*Instructions to follow*. Beneath this task are records; state how many of their lines hold the word "while", and nothing else.

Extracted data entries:
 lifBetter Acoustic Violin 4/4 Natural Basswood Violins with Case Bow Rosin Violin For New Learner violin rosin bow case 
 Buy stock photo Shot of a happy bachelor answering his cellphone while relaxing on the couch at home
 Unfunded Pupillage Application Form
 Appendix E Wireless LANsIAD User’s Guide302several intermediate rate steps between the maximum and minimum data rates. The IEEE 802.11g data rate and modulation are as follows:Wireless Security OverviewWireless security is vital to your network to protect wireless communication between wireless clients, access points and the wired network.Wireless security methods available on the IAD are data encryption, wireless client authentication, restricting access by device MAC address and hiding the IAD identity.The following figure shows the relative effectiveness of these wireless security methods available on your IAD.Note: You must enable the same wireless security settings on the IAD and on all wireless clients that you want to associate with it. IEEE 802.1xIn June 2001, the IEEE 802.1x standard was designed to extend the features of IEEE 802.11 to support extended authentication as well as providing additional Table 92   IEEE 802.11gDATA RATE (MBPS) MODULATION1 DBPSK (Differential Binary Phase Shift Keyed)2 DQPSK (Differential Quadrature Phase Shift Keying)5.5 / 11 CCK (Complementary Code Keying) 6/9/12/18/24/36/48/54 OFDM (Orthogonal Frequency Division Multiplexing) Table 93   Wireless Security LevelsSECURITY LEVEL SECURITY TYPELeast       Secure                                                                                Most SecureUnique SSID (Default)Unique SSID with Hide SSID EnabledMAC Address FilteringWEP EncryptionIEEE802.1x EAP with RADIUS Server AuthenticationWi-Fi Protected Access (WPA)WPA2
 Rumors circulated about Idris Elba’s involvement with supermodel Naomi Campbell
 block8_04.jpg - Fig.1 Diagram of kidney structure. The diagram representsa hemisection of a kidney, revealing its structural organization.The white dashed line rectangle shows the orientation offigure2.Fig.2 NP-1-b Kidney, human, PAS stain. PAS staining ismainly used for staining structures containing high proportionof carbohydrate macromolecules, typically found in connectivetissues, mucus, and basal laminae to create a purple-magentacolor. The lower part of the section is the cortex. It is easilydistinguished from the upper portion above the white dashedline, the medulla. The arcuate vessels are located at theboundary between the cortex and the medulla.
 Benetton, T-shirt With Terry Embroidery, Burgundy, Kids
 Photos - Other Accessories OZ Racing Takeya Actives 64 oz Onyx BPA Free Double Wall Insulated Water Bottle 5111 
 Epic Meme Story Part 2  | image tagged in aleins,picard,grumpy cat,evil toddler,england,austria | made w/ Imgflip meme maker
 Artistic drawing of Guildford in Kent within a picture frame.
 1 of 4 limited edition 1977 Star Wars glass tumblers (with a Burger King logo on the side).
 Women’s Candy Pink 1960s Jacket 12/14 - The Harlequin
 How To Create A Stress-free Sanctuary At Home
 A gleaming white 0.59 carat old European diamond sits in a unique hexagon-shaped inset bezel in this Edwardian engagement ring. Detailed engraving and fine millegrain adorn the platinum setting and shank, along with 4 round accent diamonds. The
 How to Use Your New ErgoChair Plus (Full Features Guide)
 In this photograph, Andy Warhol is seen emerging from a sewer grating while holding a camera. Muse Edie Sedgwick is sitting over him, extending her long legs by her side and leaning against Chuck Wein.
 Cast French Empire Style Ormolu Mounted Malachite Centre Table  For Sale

*Result of the task*. 2